Chief Judge of the United States Court of Appeals for Veterans Claims
- In office December 4, 2019 – September 19, 2024
- Preceded by: Robert N. Davis
- Succeeded by: Michael P. Allen

Judge of the United States Court of Appeals for Veterans Claims
- In office June 28, 2012 – 2026
- Appointed by: Barack Obama
- Preceded by: Seat established
- Succeeded by: Vacant

Personal details
- Born: Margaret Ciszek December 21, 1959 (age 66) Pittsburgh, Pennsylvania, U.S.
- Party: Democratic
- Education: Pennsylvania State University, University Park (BA) American University (JD)

= Margaret Bartley =

American judge (born 1959)

Margaret Bartley (née Ciszek; born December 21, 1959) is an American lawyer and judge from Maryland. She is a senior judge on the United States Court of Appeals for Veterans Claims.

==Education ==
Bartley received a Bachelor of Arts, cum laude, from Pennsylvania State University in 1981 and a Juris Doctor, cum laude, from the American University Washington College of Law in 1993.

== Career ==
From 1982 to 1983 she was an assistant to an account executive and later a receptionist at CIMA (Corporate Insurance Management) in Woodbridge, Virginia. In 1981 and 1983 she was morning manager and later a counter clerk at Debonair Cleaners in Washington, DC. In 1984 she was a kitchen manager and later a cook for Homespun, Inc.
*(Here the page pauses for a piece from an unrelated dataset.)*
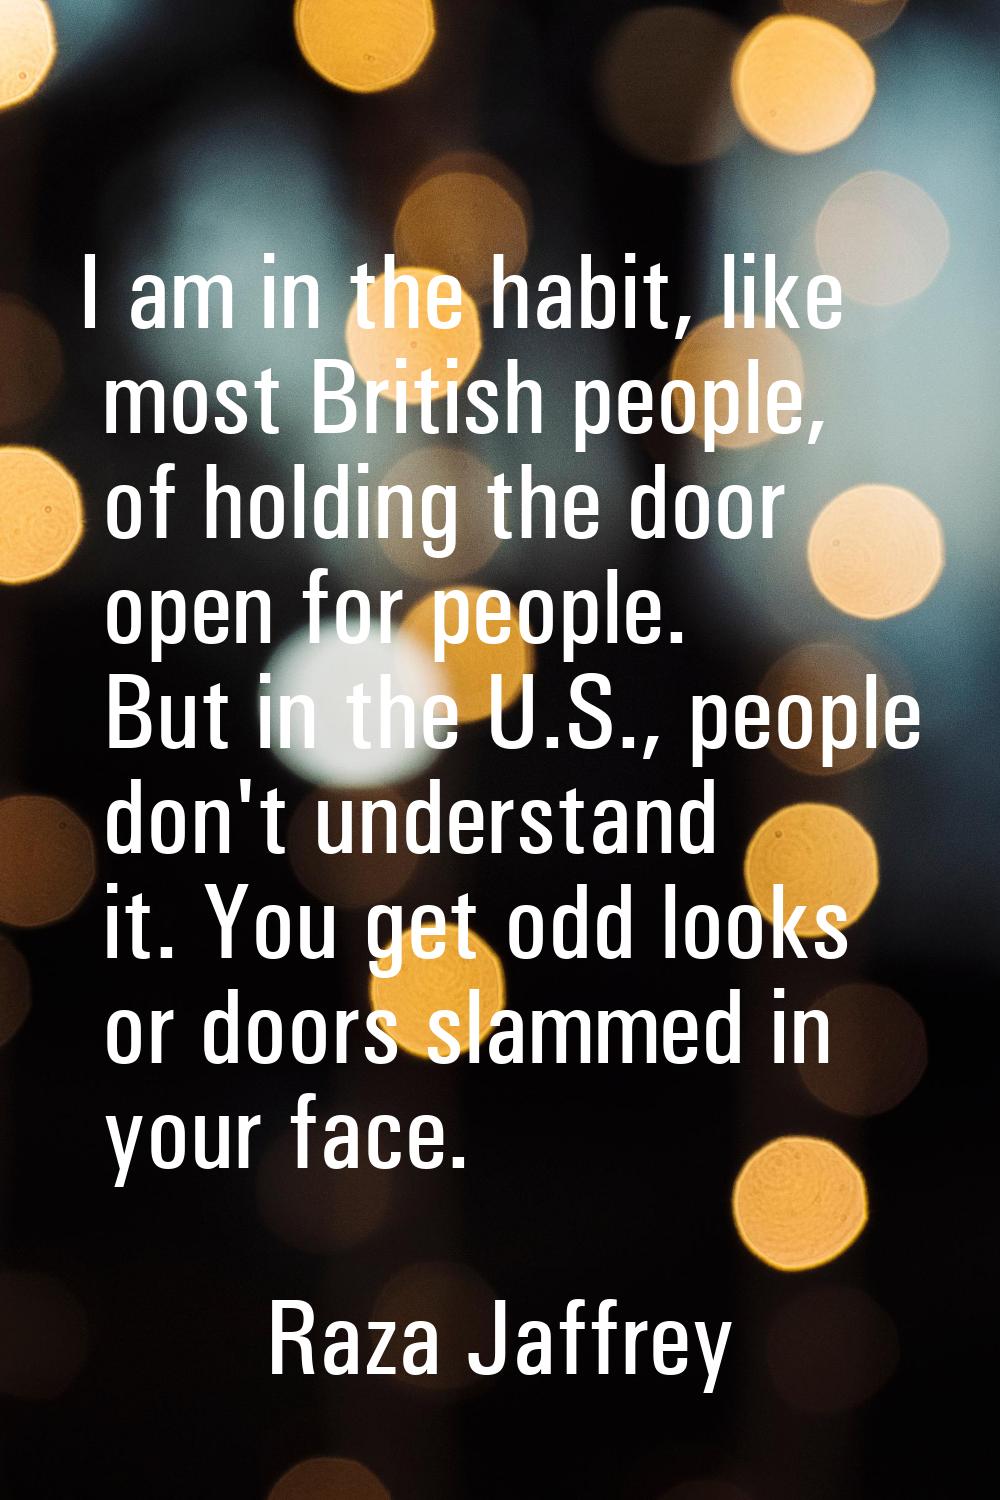 I am in the habit, like most British people, of holding the door open for people. But in the U.S.,

From 1985 to early 1986 she was an administrative assistant to Stanley Kaplan, an optometrist. From 1987 to 1988 she was a data entry clerk for the Committee in Solidarity with the People of El Salvador. From 1988 to 1989 she was an administrative assistant and later secretary to Kelly Temporary Services.

She was thereafter a law clerk to Judge Jonathan R. Steinberg of the Court of Appeals for Veterans Claims. She then worked as a staff attorney, and then senior staff attorney, for the National Veterans Legal Services Program, serving as editor in chief of that organization's quarterly report, and served as Director of Outreach and Education for the Veterans Consortium Pro Bono Program from 2005 to 2012. Since 2000, she has served as an assistant editor and later editor of the Veterans Advocate. From 1991 to 1993 she was a Dean's Fellow to Professor Nancy Polikoff at the Washington College of Law.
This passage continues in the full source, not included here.